◆ **Recorded data**
################
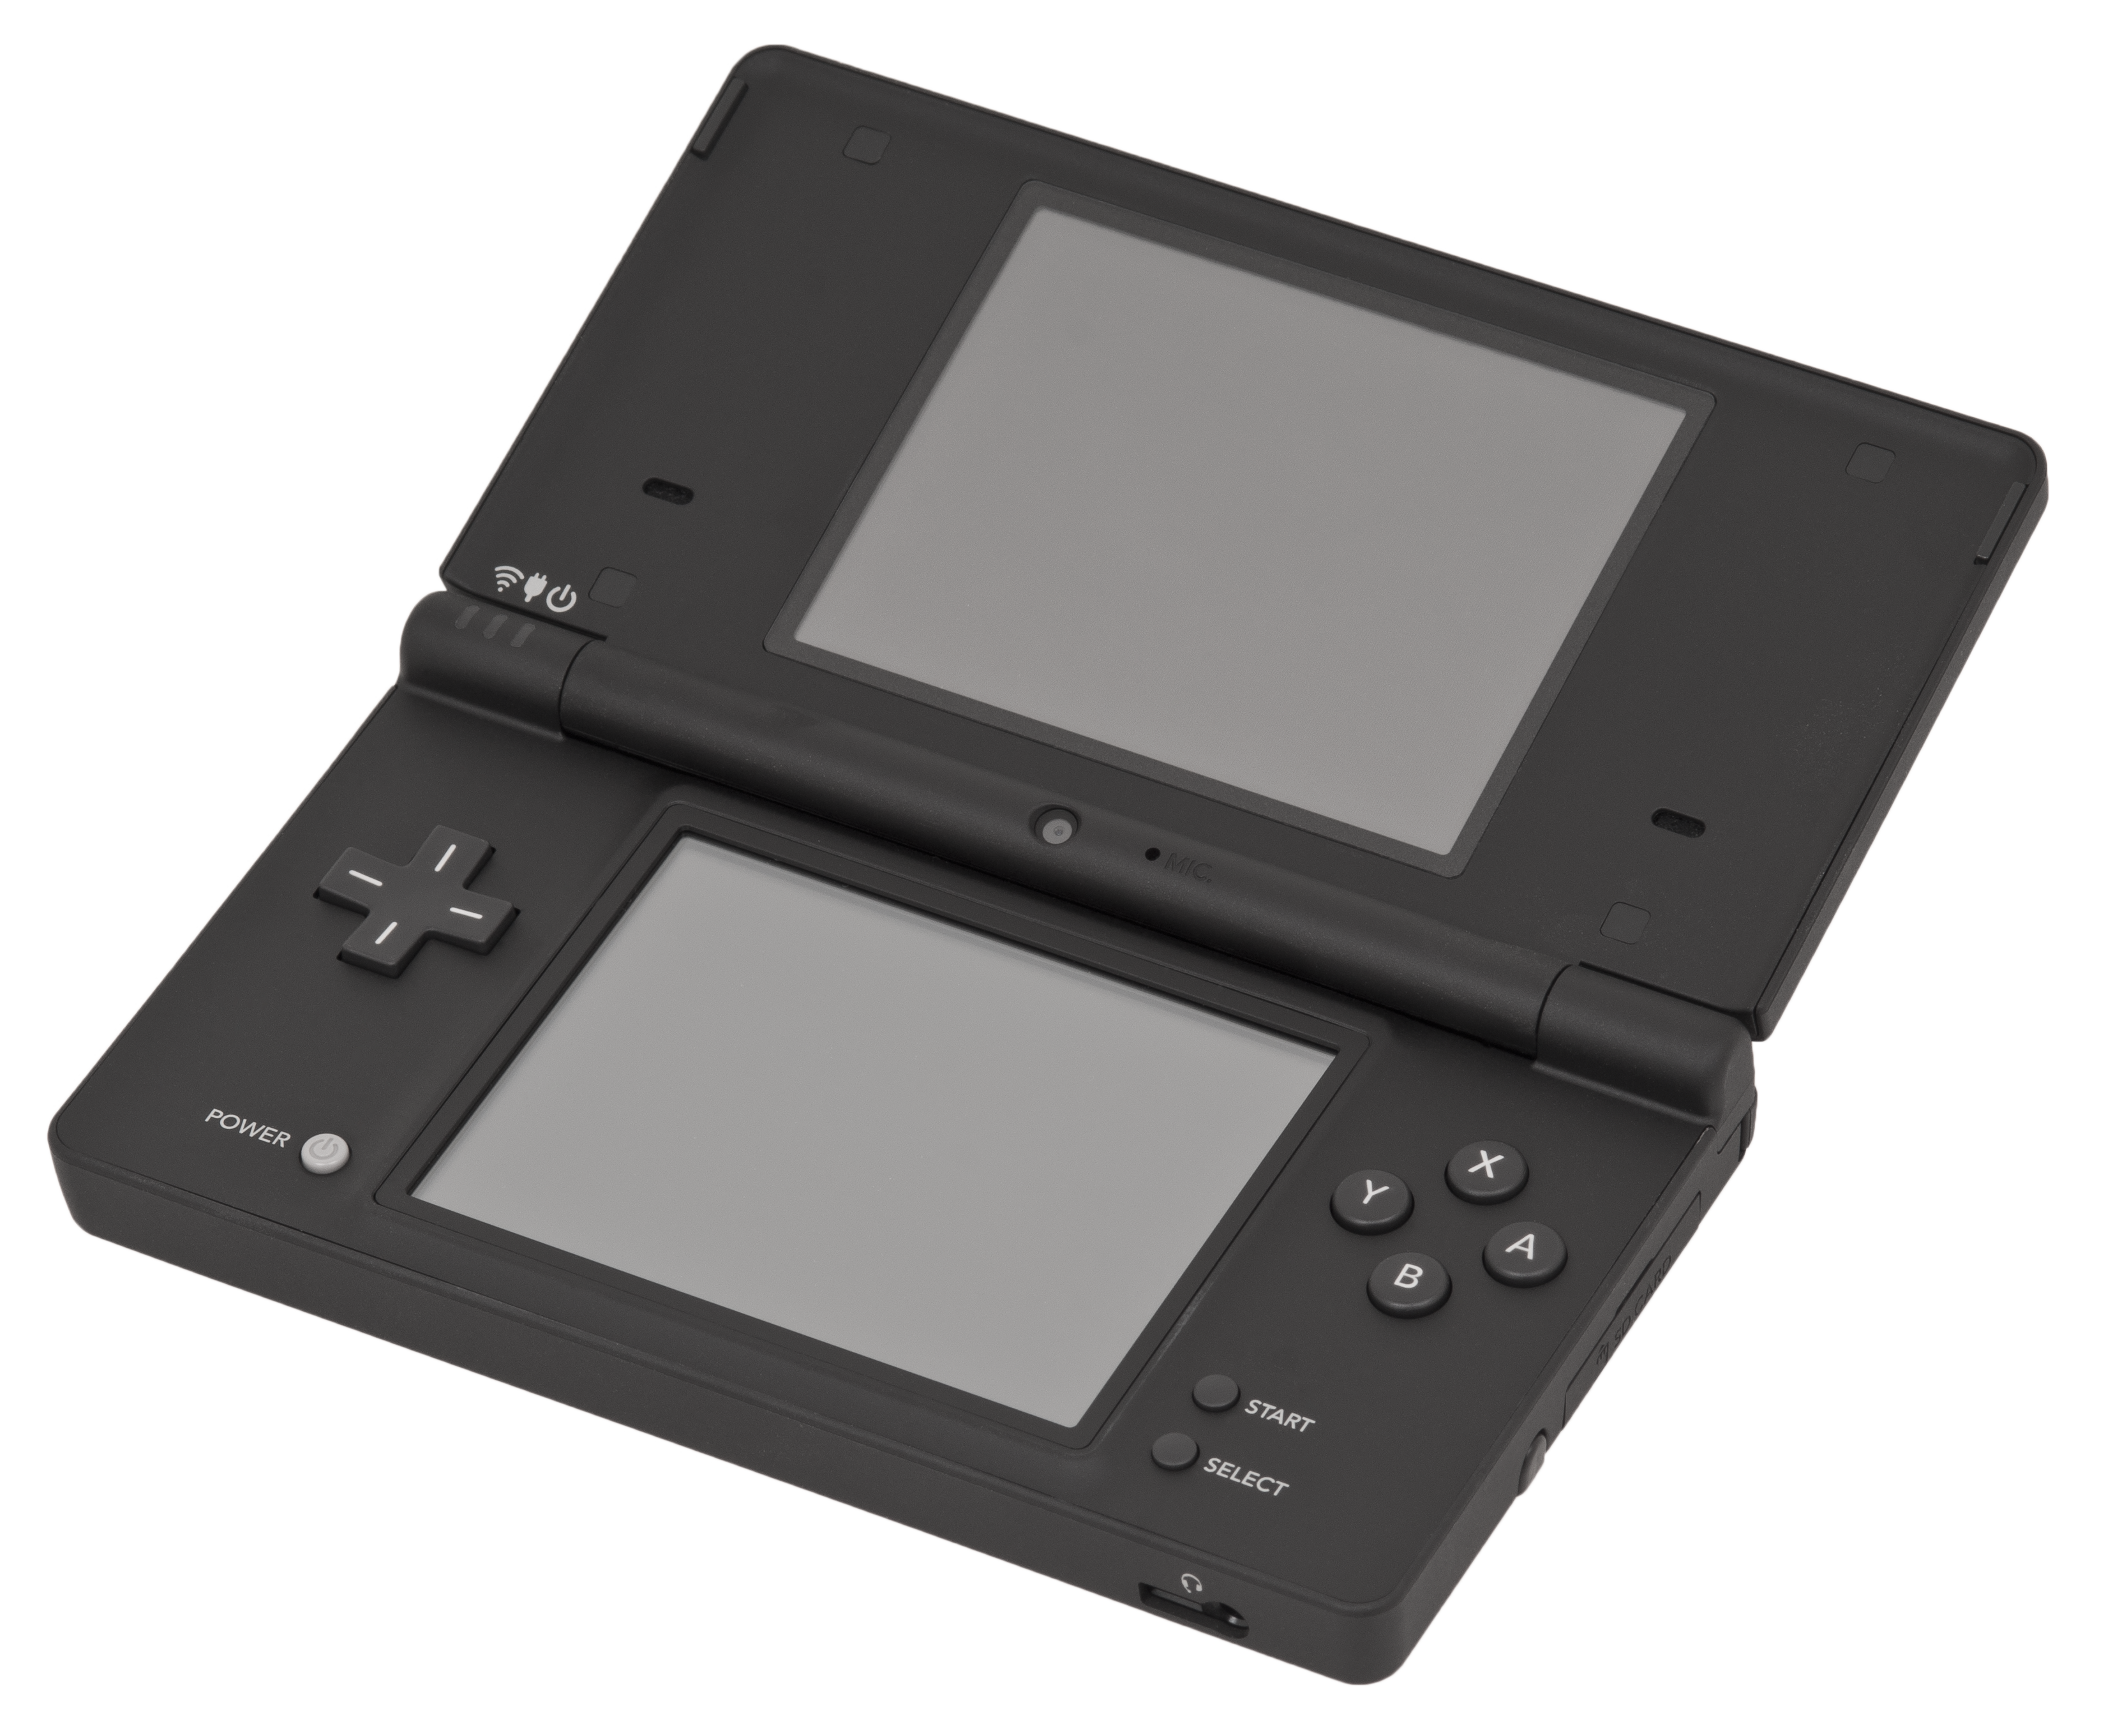 Nintendo Dsi 2008 Nintendo Dsi Nintendo Dsi
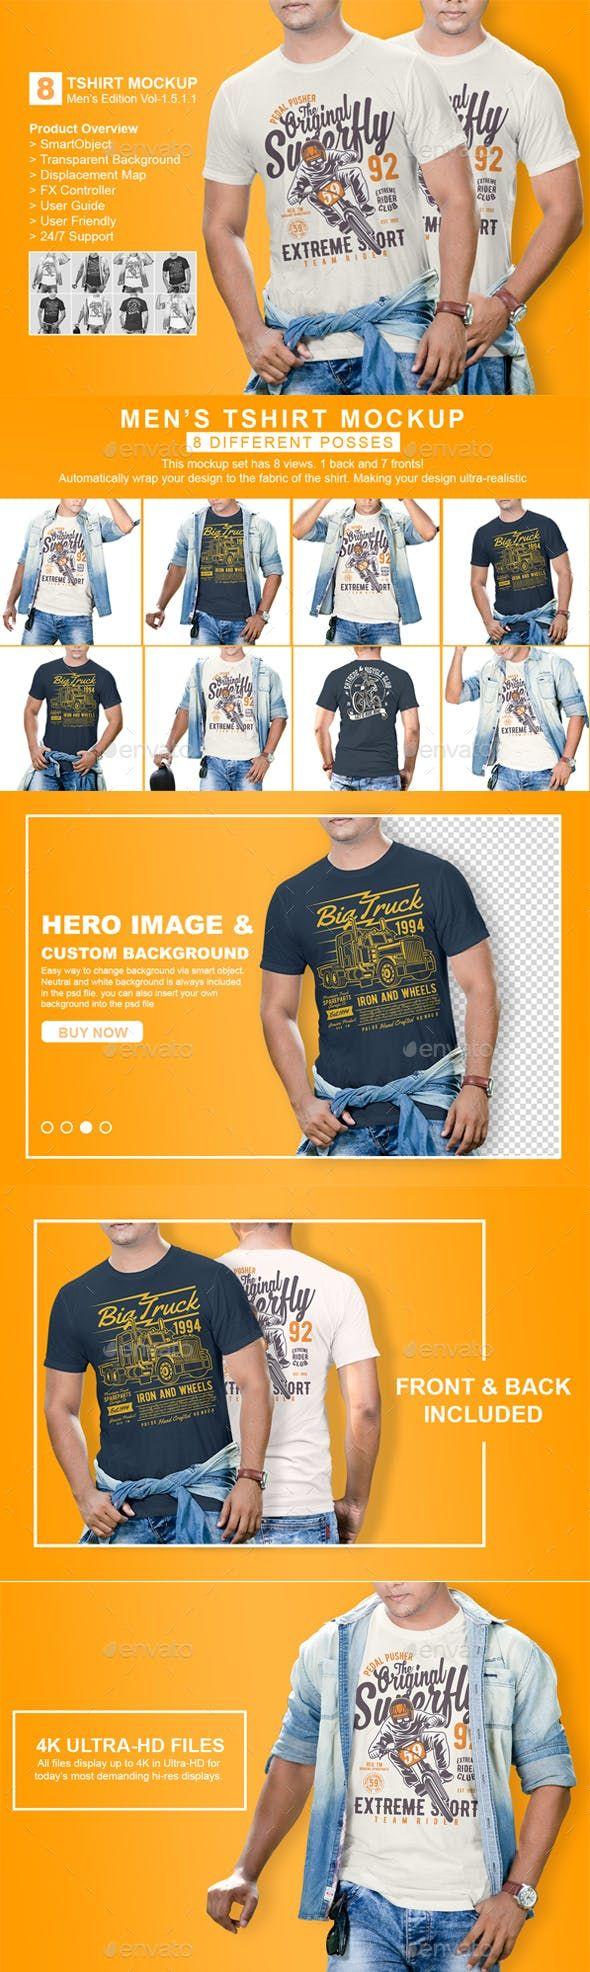 Download Mens Tshirt Mockup Vol 1 5 1 1 Clothing Mockup Tshirt Mockup Shirt Mockup
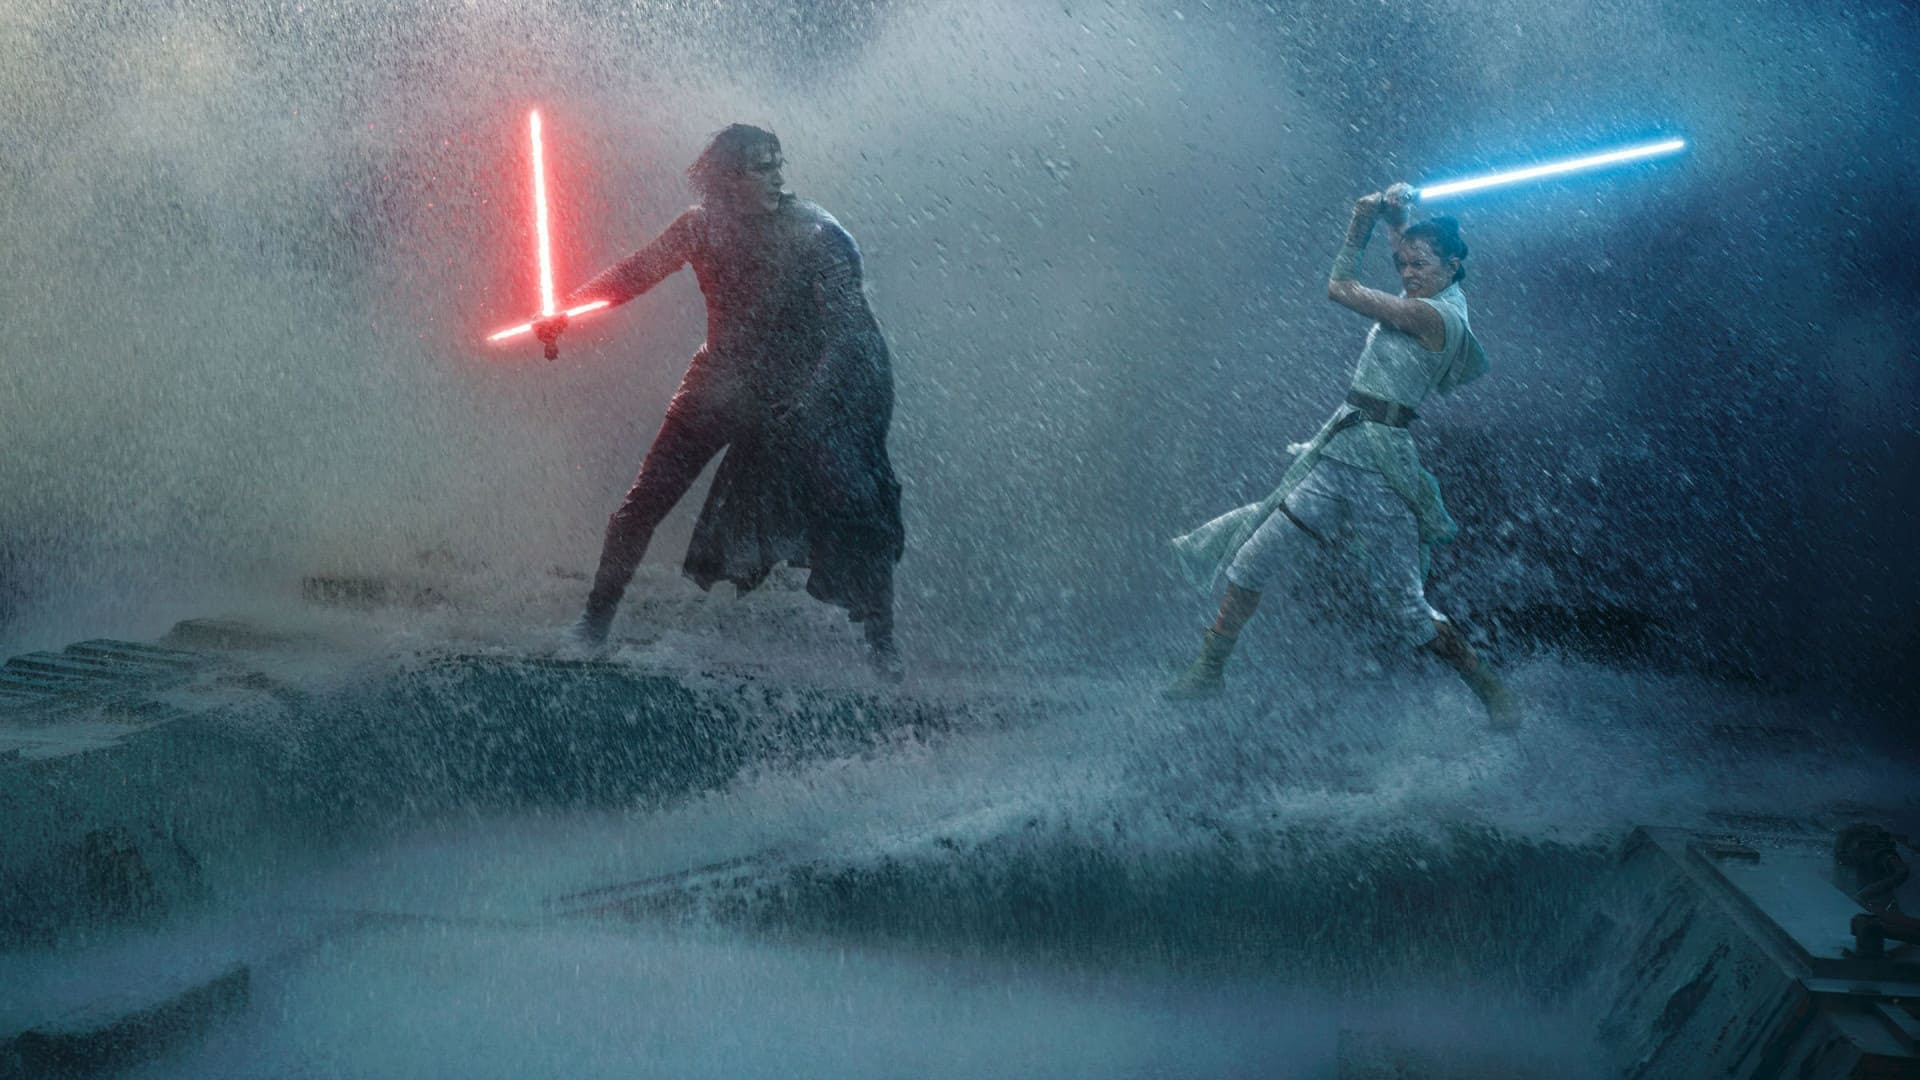 Star Wars Wallpapers Top 95 Best Star Wars Backgrounds Download
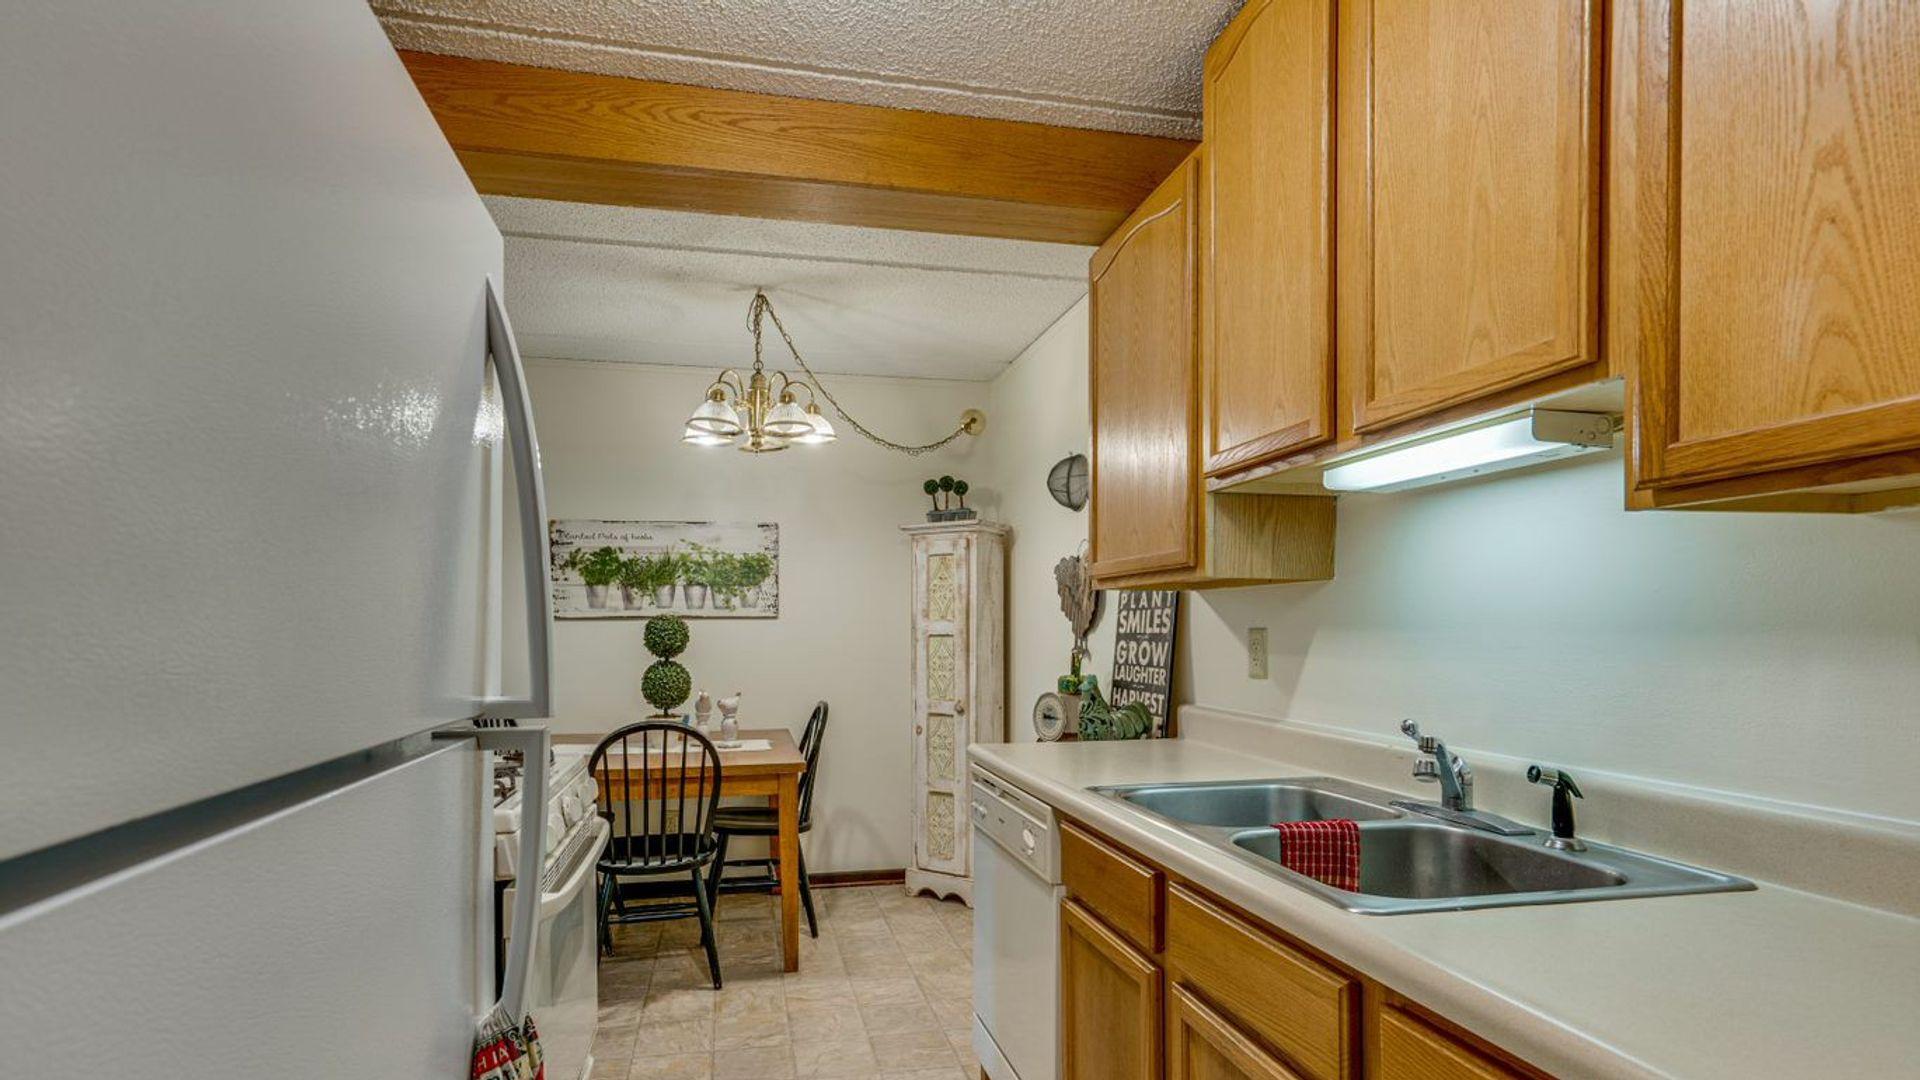 2 bed apartment at 347 Putnam Street, Mankato, MN 56001 ...
################
◆ **Exercise aim**
Line by line, give the material above again exactly, but without any pictures.

◆ **Finished task**
 Nintendo Dsi 2008 Nintendo Dsi Nintendo Dsi
 Download Mens Tshirt Mockup Vol 1 5 1 1 Clothing Mockup Tshirt Mockup Shirt Mockup
 Star Wars Wallpapers Top 95 Best Star Wars Backgrounds Download
 2 bed apartment at 347 Putnam Street, Mankato, MN 56001 ...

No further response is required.